The bus boycott was then in a critical stage in Montgomery (Martin Luther King’s house had been bombed), and in Tuscaloosa, white students and their off-campus supporters had rioted at the University of Alabama to protest the admission of a single black graduate student, twenty-six-year-old Autherine Lucy. She was expelled after she accused university officials of conspiring with the mob. In that fateful spring of 1956, the South and the nation careened past the last exit, on course for a collision that would be heard around the world.
The Southern governors in this crucial time were about evenly split—six who leaned to moderation, five hard-line segs—but even the best of them, LeRoy Collins of Florida, was at first displeased by the Brown decision, and only later came to see the necessity and the wisdom of it. “I had wanted the states and the Congress to meet their responsibility and abolish the laws on segregation,” he would explain, “but they wouldn’t do it. I finally saw that a Supreme Court ruling was the only way it would ever happen. Segregation was wrong—morally, legally, politically. It had to change. That it should change became deeply implanted in my soul and conscience when I was governor. I felt an enlargement of responsibility to all the people of Florida.”

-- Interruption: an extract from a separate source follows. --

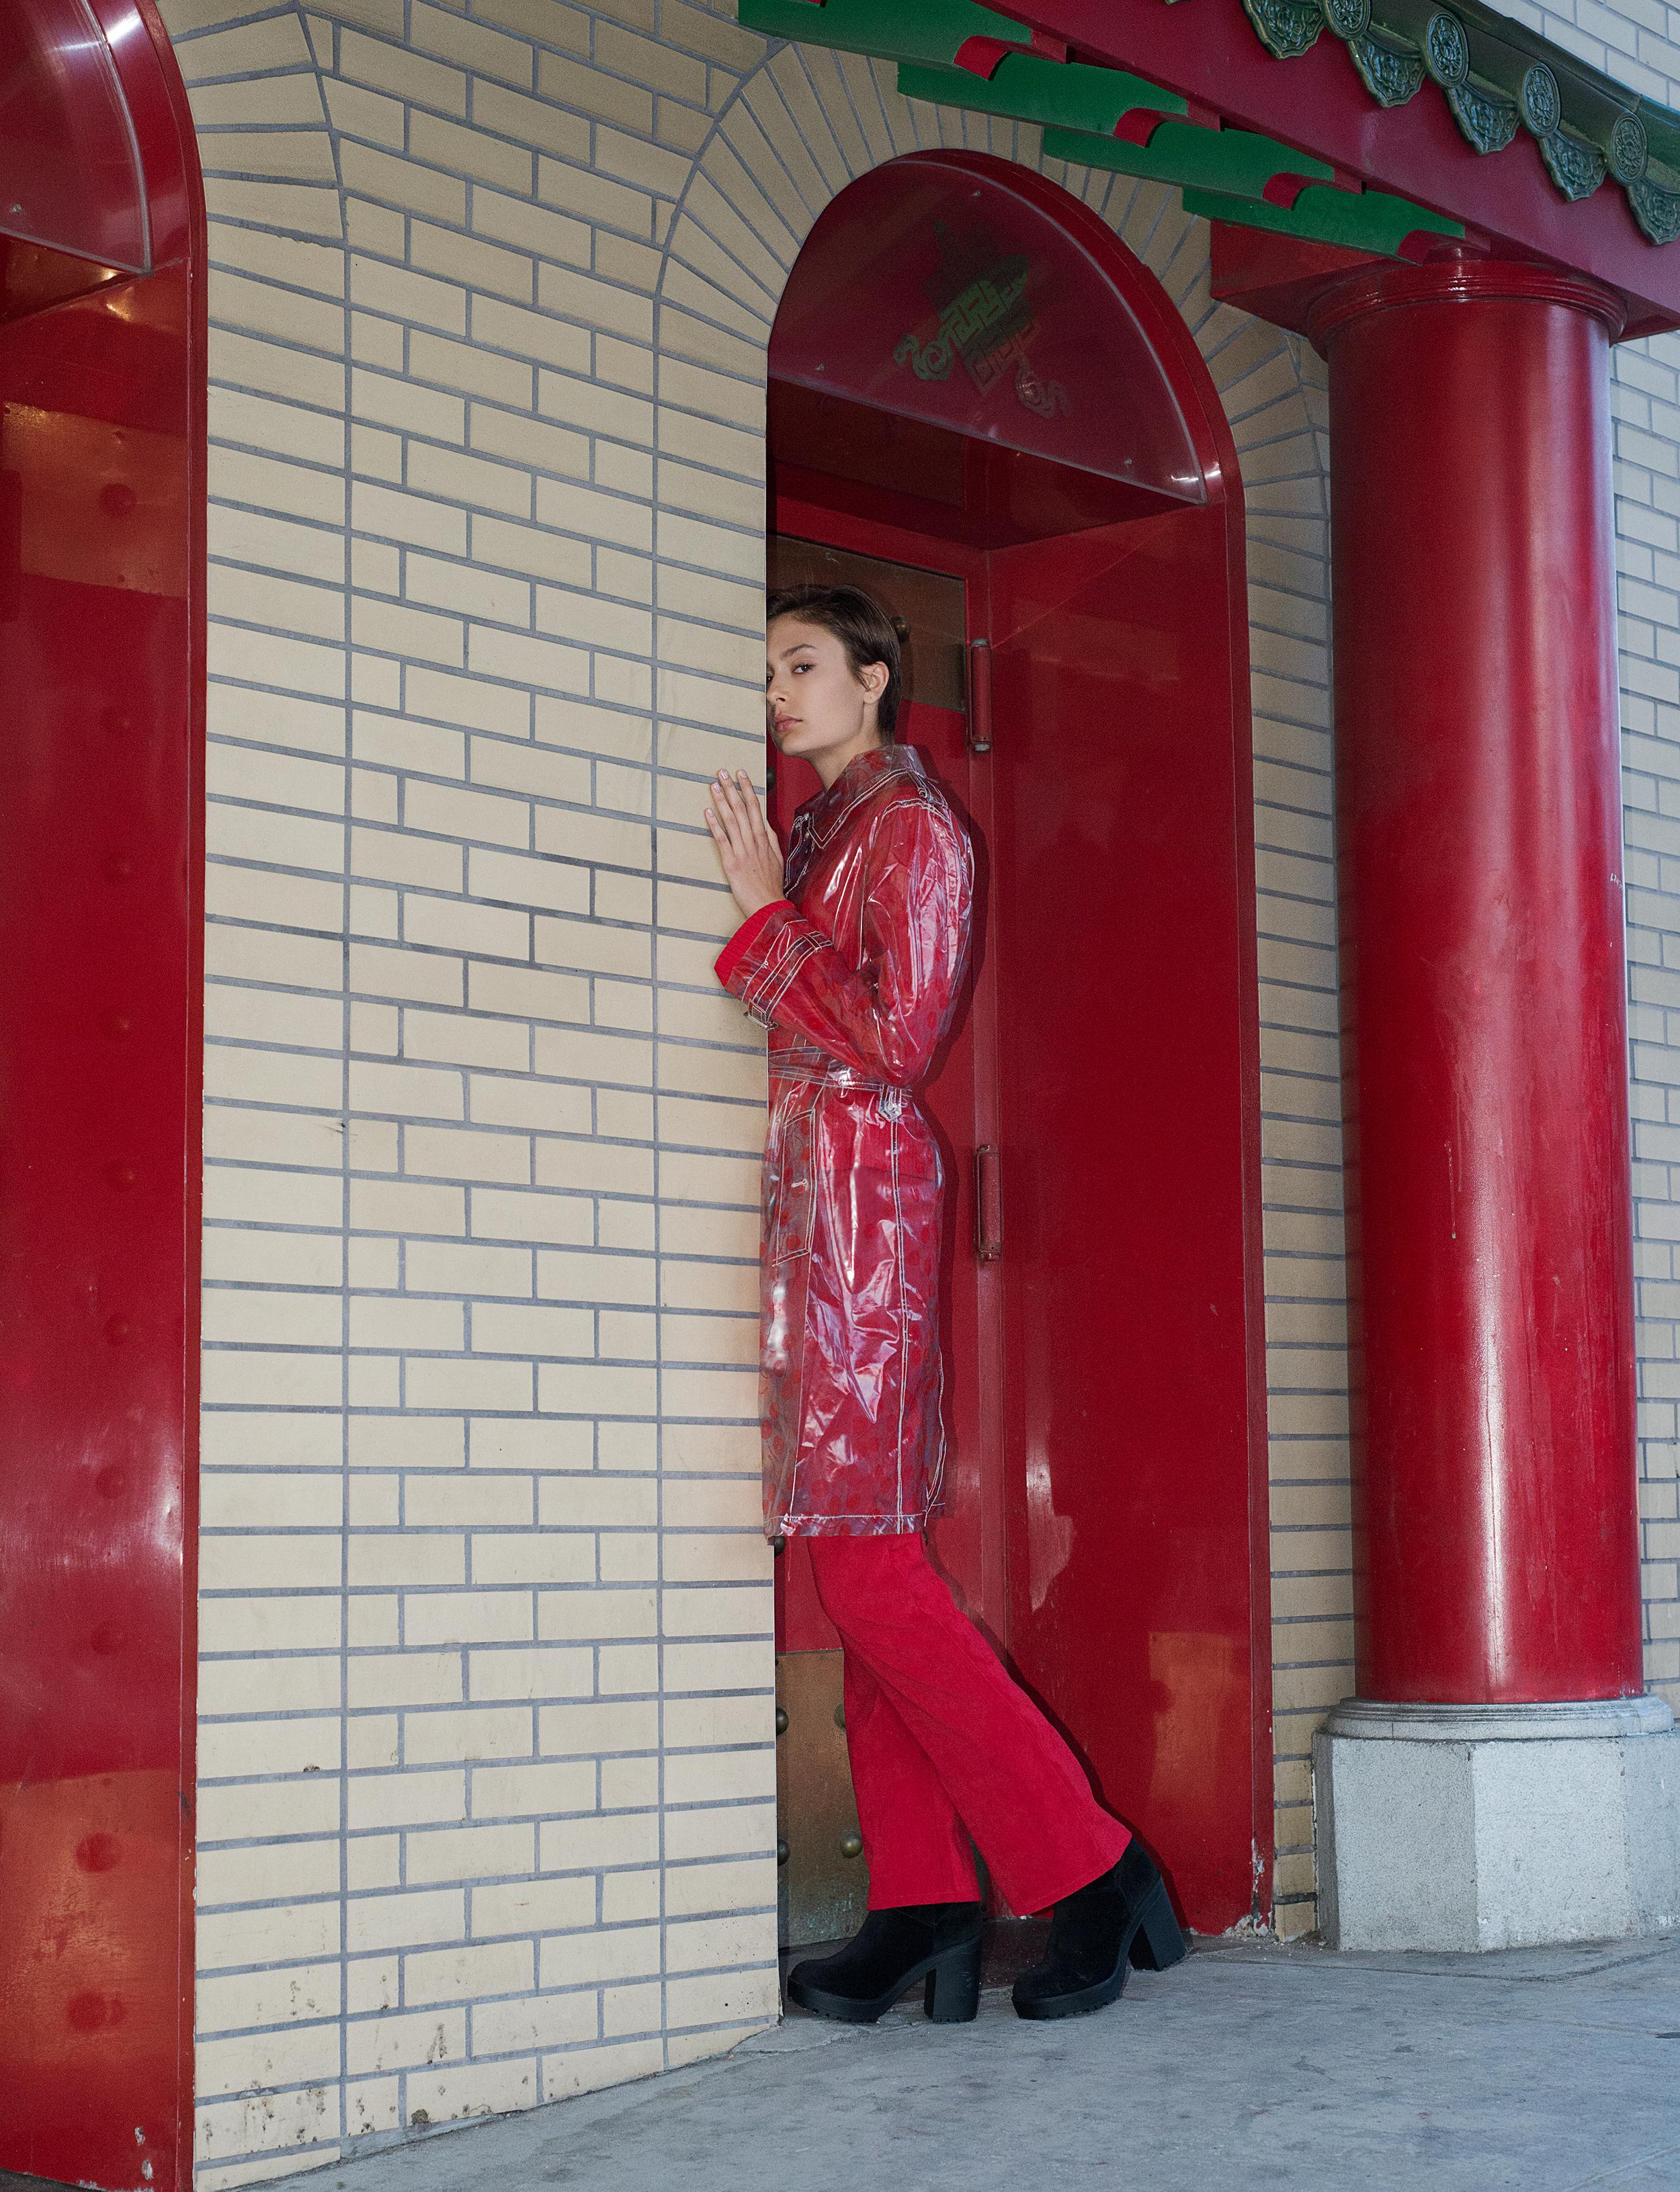 ALYSSA  Published On 27 October 2015   Photography  Steven Meidenbauer  Stylist  Logan Combs  Model  Alyssa Ball @Marilyn Model Management

It was a feeling that no other governor in the region would be openly expressing by 1960. After more than half a century of politics as theater, as spectator sport staged by tin-pot dictators posing as statesmen, the South was still a rebellious colony, still isolated, impoverished, laggard, defensive, and sundered by race and class divisions. The better politicians who came along occasionally didn’t last very long. Ellis Arnall was a one-term governor of Georgia; Jim Folsom won twice in Alabama, but wasn’t effective; Sid McMath lost two races after serving four years as governor of Arkansas; Earl Long of Louisiana got put away in a mental institution. North
Carolinians Charles Deane and Thurmond Chatham lost their seats in the House right after they refused to sign the Southern Manifesto; Frank E. Smith of Mississippi, Brooks Hays of Arkansas, and Carl Elliott of Alabama felt they had to sign in order to keep their seats in the House—and all of them eventually lost to more conservative challengers anyway. LeRoy Collins ran for the Senate eight years after he was governor of Florida, and lost to a Republican.
If there was ever a chance that a liberal or even moderate political spirit would take root in the South after World War II—and that possibility did seem to exist—it diminished rapidly with the crushing defeat of Claude Pepper and Frank Graham in 1950, the triumph of Dwight Eisenhower and Richard Nixon in 1952, the Brown decision in 1954, and Eisenhower’s landslide reelection victory in 1956 (he won all but six states). With an overwhelming vote of confidence, Ike was encouraged to keep on standing aloof from the worsening racial and social problems of the South and the nation. In 1957 the rudderless ship of state finally drifted over the falls into a whirlpool of strife and violence, and Eisenhower, the reluctant warrior, had to send federal troops into Little Rock, Arkansas, to put down a calculated act of rebellion by the state’s governor, Orval Faubus. In a classic exhibition of blind rage and futility, the South would thrash about for the next decade in self-destructive combat with its own national government. The sins of the fathers would be visited upon succeeding generations for the rest of the century.